Today, we kicked off our 2017 EU Code Week Road Show for Rising Technologists at the Nellestein primary school in Amsterdam South. Over the next two weeks, we’ll be teaching an ‘Intro to Programming Concepts’ lesson at schools in this predominantly low-income, minority community where students don’t normally receive computer science education.

We refer to students there as ‘Rising Technologists’ because we believe that with opportunity and access to computer science education, they have the potential to become future technologists and leaders who can help their communities. Read more.

For Students

We taught two classes focused on introducing kids ages 7-12 to the fundamental logic and concepts behind programming. Concepts included automation, algorithms, commands, sequence and loops.

All children should understand that more and more objects, processes and experiences in their lives are the direct result of programming computers and robotics. They should also be encouraged to think about the implications of automation in their daily lives and the changes it will bring in areas related to education, jobs, quality of life, privacy, etc.

We taught students how Amazon uses robots to automate its warehouses before challenging them to design their own automated spaces with toy robots.

For Teachers and Teachers in Training

One of our goals in organising an EU Code Week Road Show at schools in Amsterdam Southeast is to encourage local primary school teachers to teach computer science and coding concepts.

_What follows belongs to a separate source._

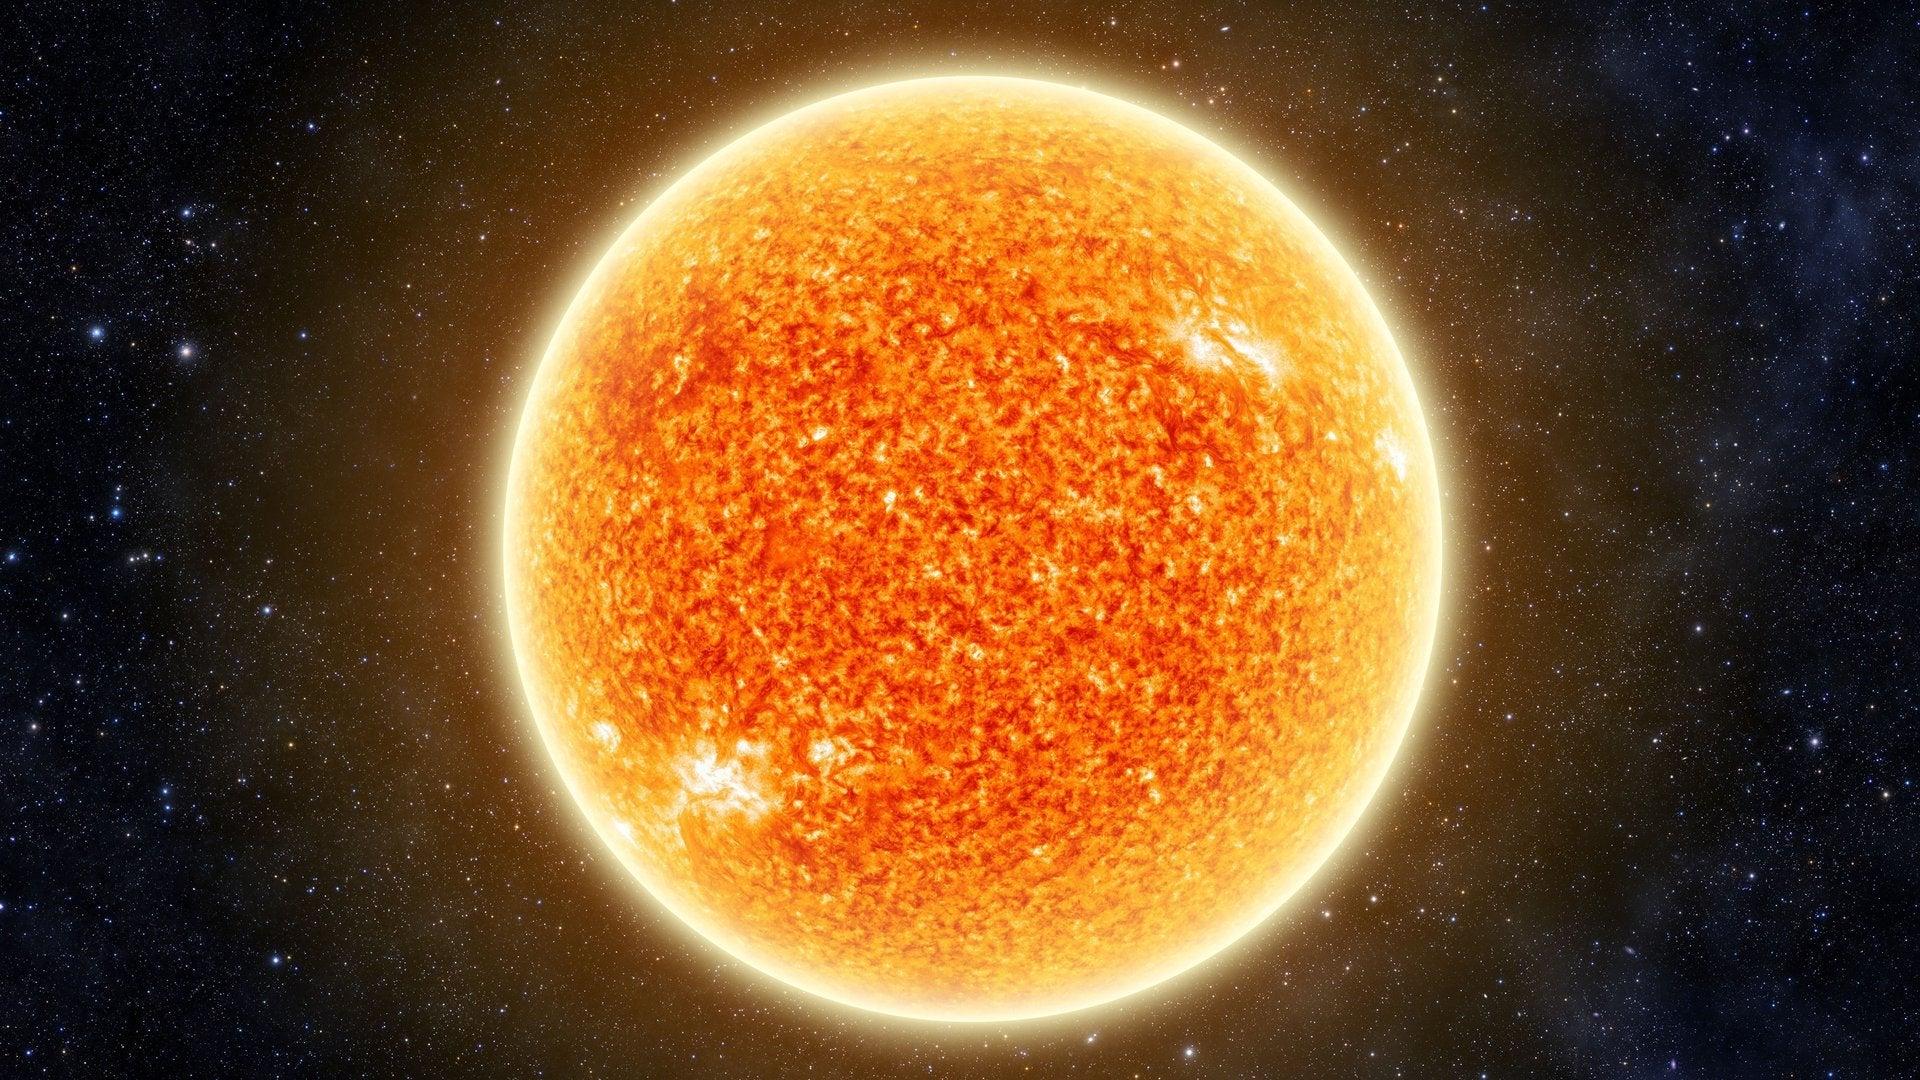 NASA's Mission to the Sun: Parker Solar Probe

During our Road Show, we’re teaching side-by-side with full-time primary school teachers and teachers in training and showing them how to to teach about technology in a low barrier way which is engaging for students and appeals to both girls and boys.

For Researchers

During our Road Show, we have transformed our classes into a learning lab for a Masters student at the Open Universiteit in the Netherlands who is conducting research on technology education at the primary school level.

A special thanks to Google Europe for funding our Road Show with a 2017 Europe Code Week sponsorship.

Photo: a teacher in training (left) at the Nellestein primary school in Amsterdam Southeast helps our teacher explain how commands work in programming to students ages 7-9.